TASK OBJECTIVE >> The entire listing that follows must be repeated exactly, pictures excluded.

DATA SHOWN >>
******************************
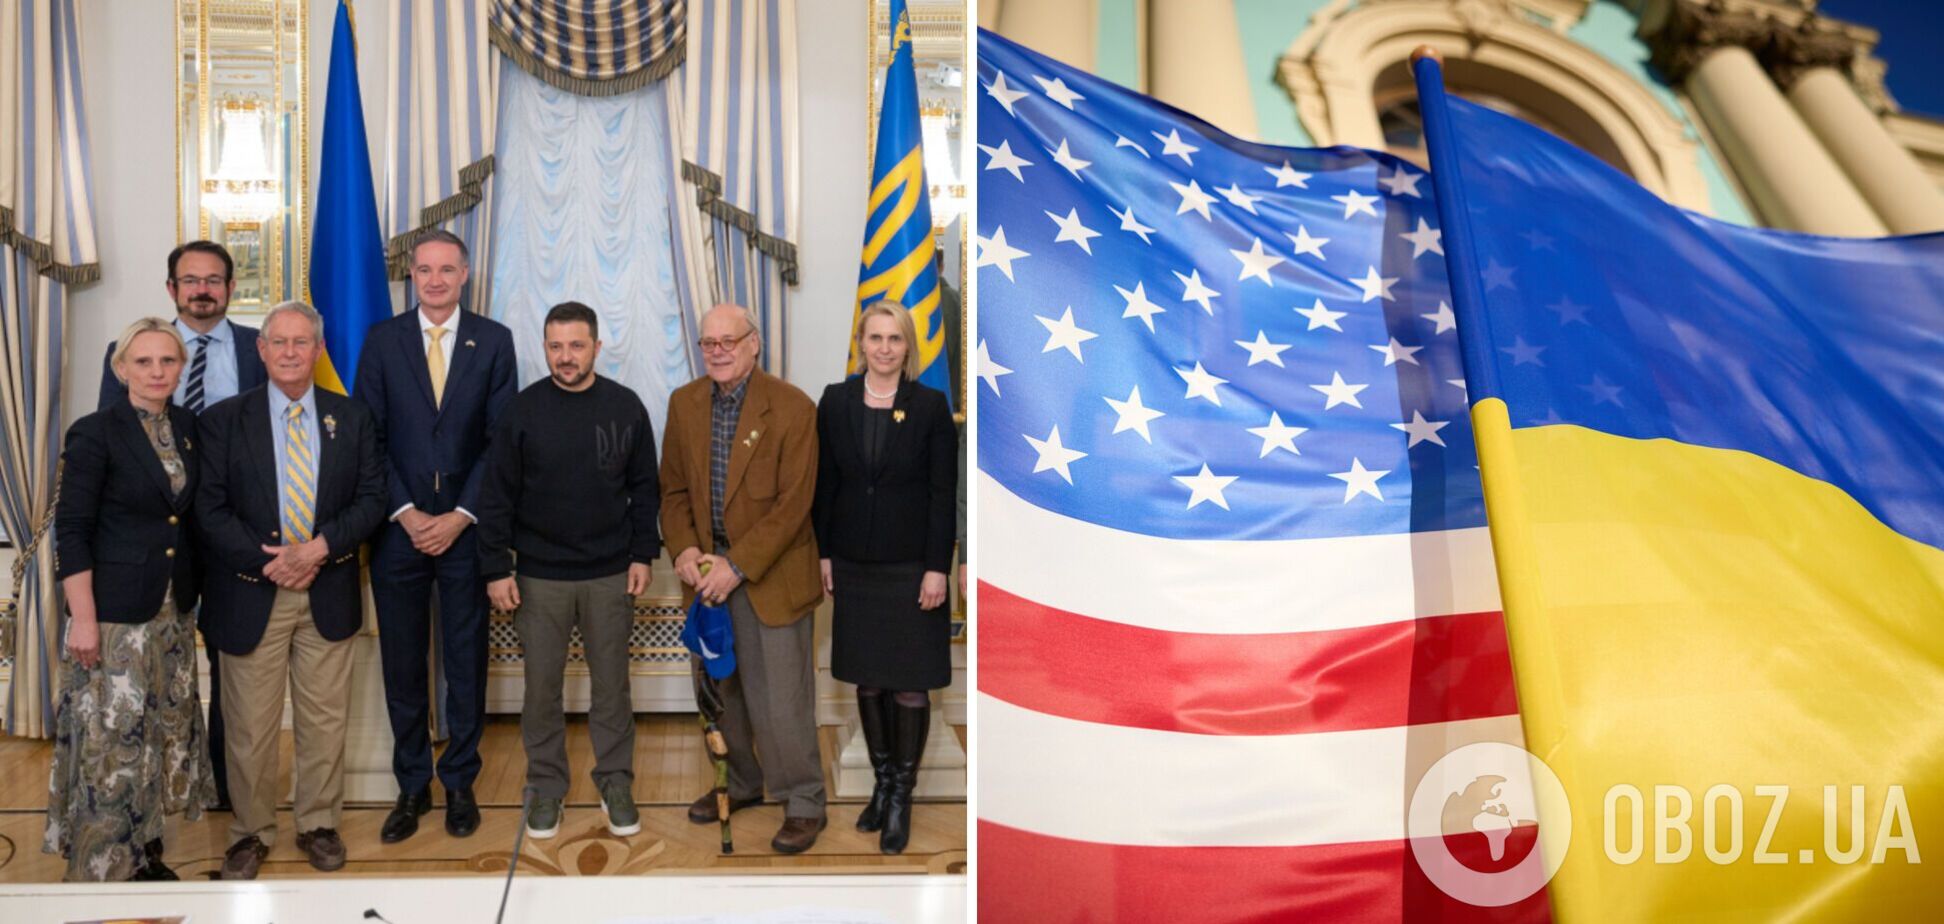 'Ценим мощную двухпалатную и двухпартийную поддержку': Зеленский встретился с делегацией конгрессменов США. Фото и видео
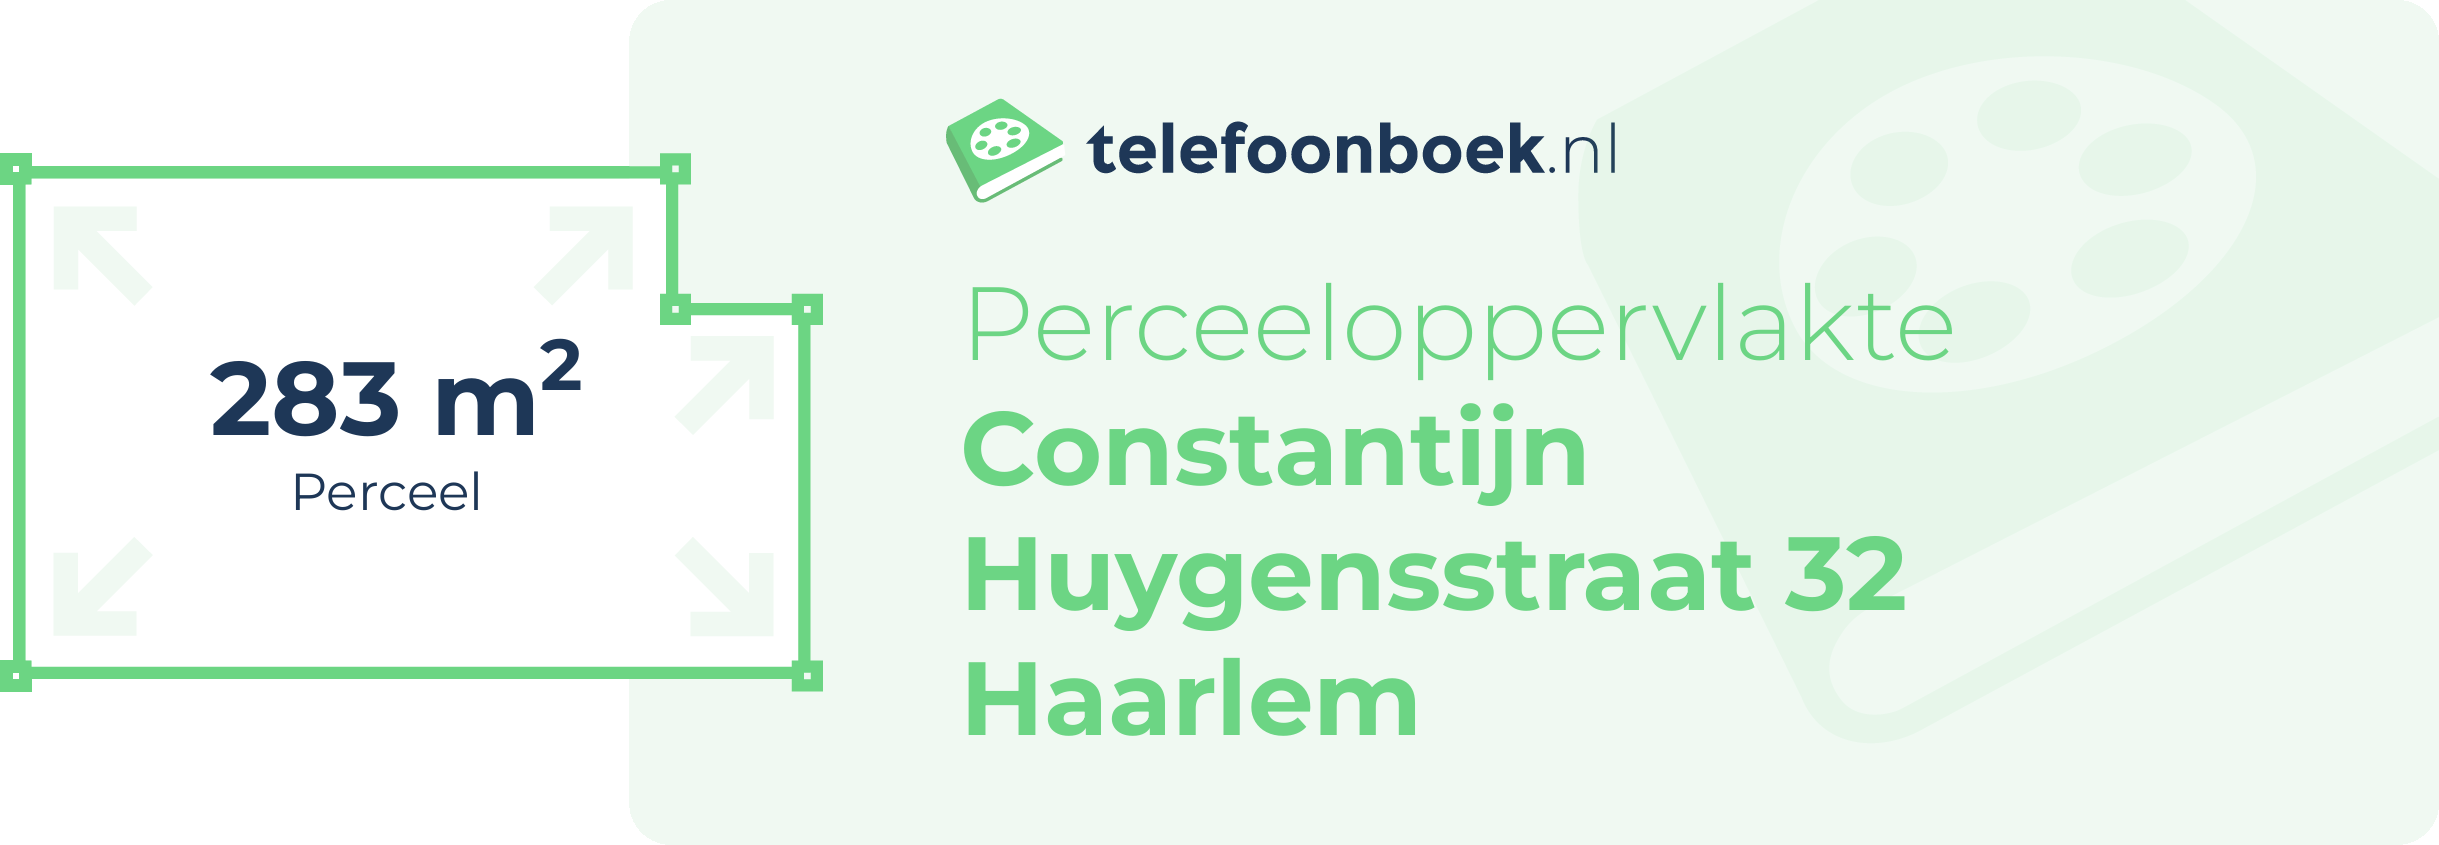 Perceeloppervlakte Constantijn Huygensstraat 32 Haarlem
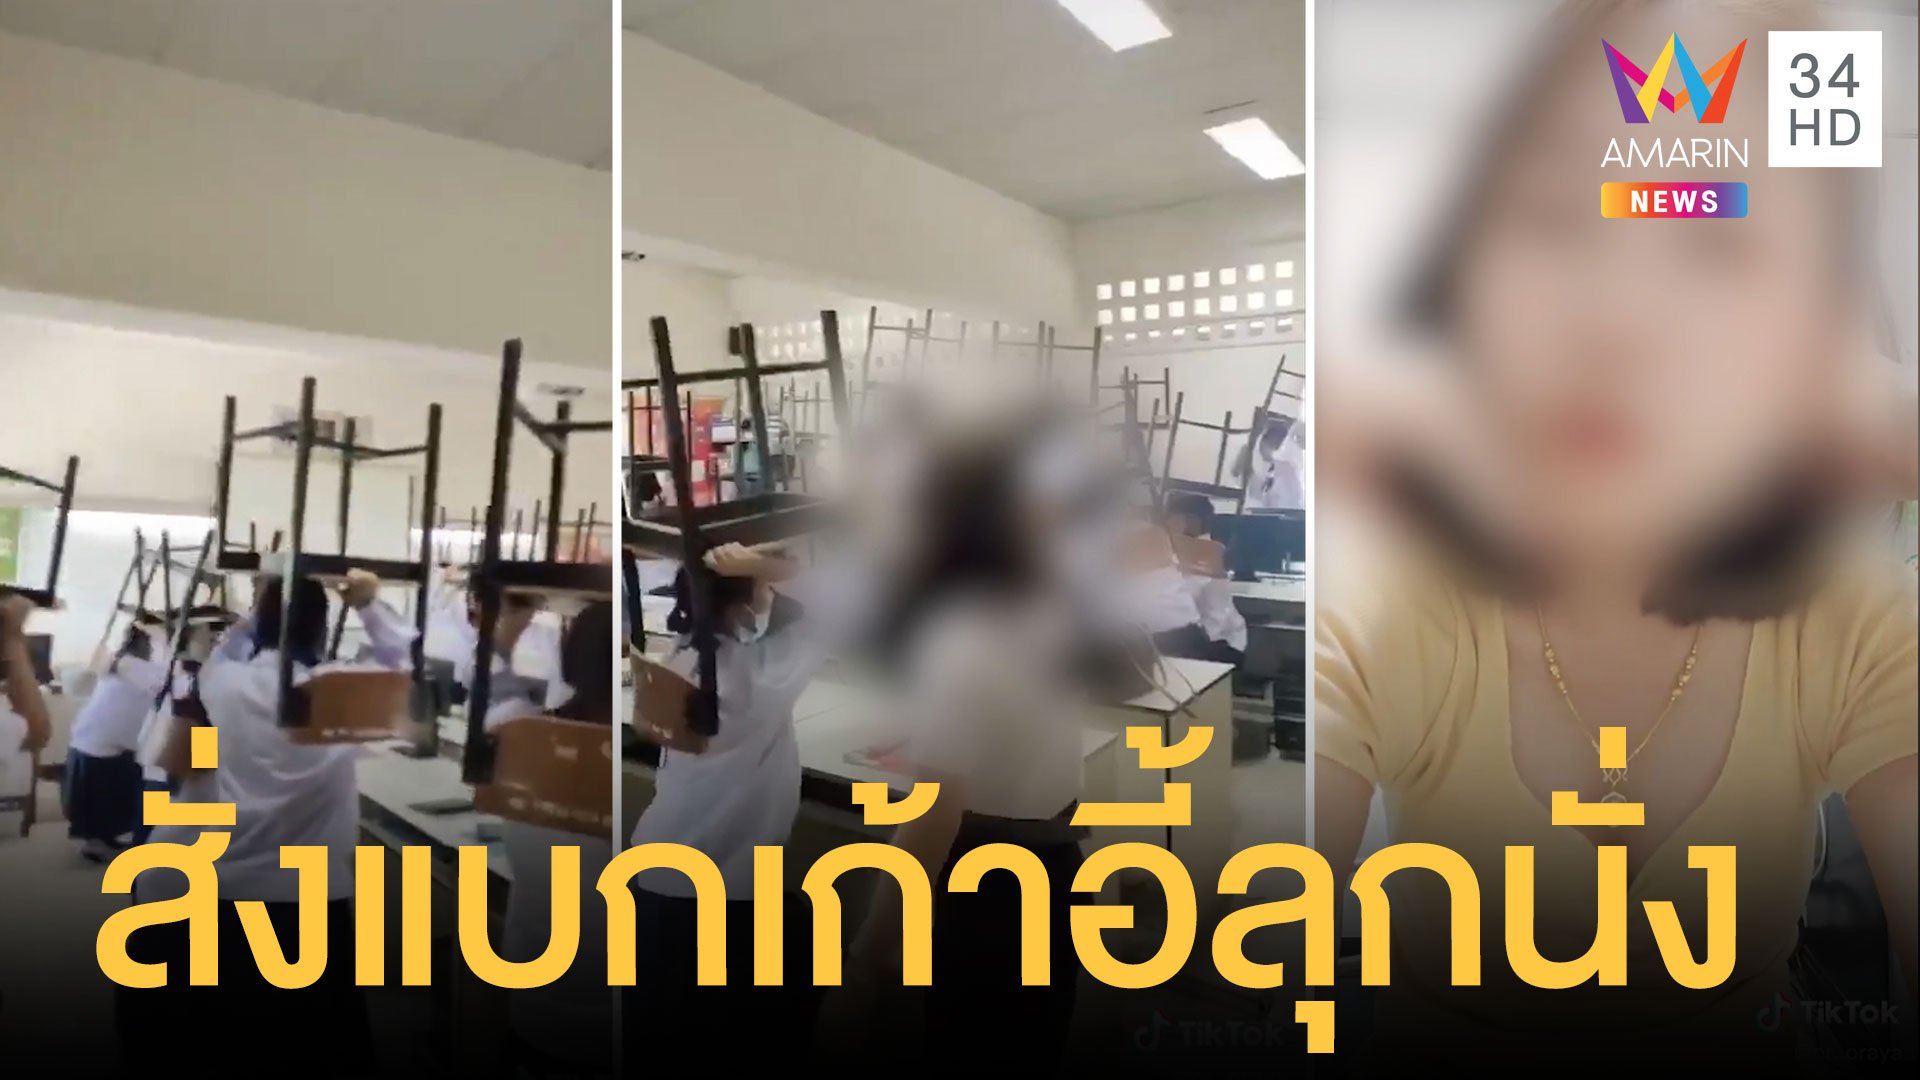   ทำโทษนักเรียนพิสดาร ครูฝึกสอนให้แบกเก้าอี้ลุกนั่ง | ข่าวอรุณอมรินทร์ | 25 ส.ค. 63 | AMARIN TVHD34
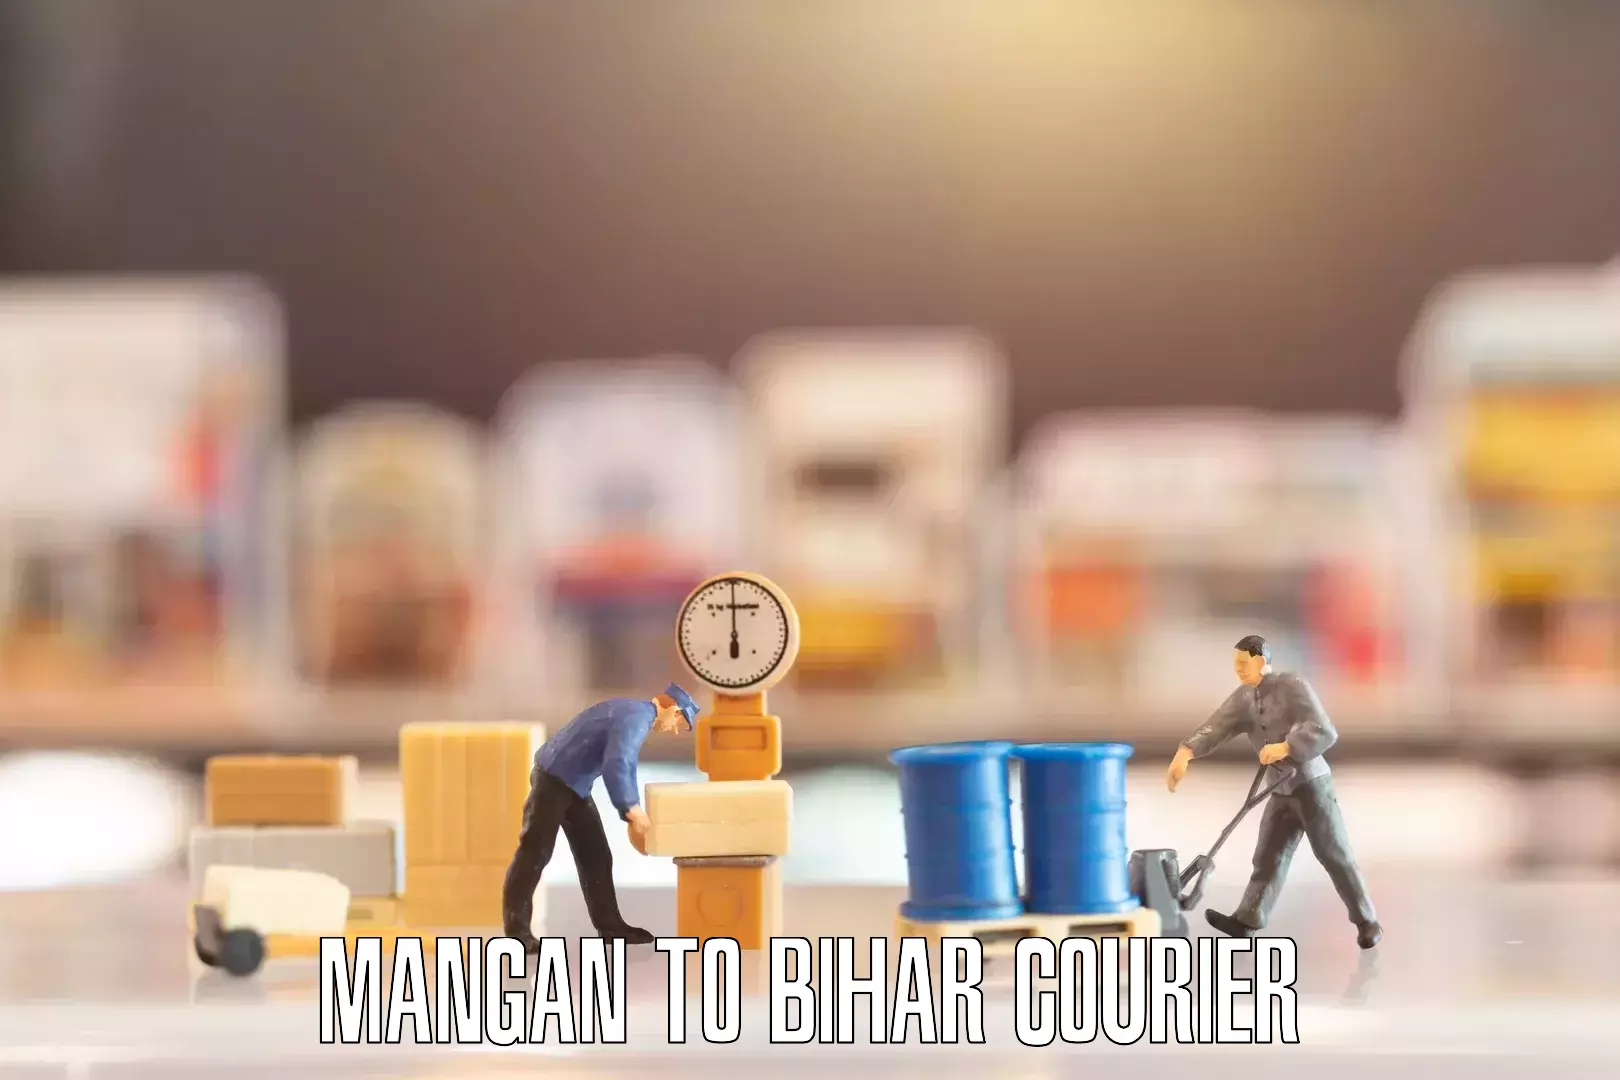 Furniture moving experts in Mangan to Bihta
******************************
ANSWER TO THIS PROBLEM >>
 'Ценим мощную двухпалатную и двухпартийную поддержку': Зеленский встретился с делегацией конгрессменов США. Фото и видео
 Perceeloppervlakte Constantijn Huygensstraat 32 Haarlem
   ทำโทษนักเรียนพิสดาร ครูฝึกสอนให้แบกเก้าอี้ลุกนั่ง | ข่าวอรุณอมรินทร์ | 25 ส.ค. 63 | AMARIN TVHD34
 Furniture moving experts in Mangan to Bihta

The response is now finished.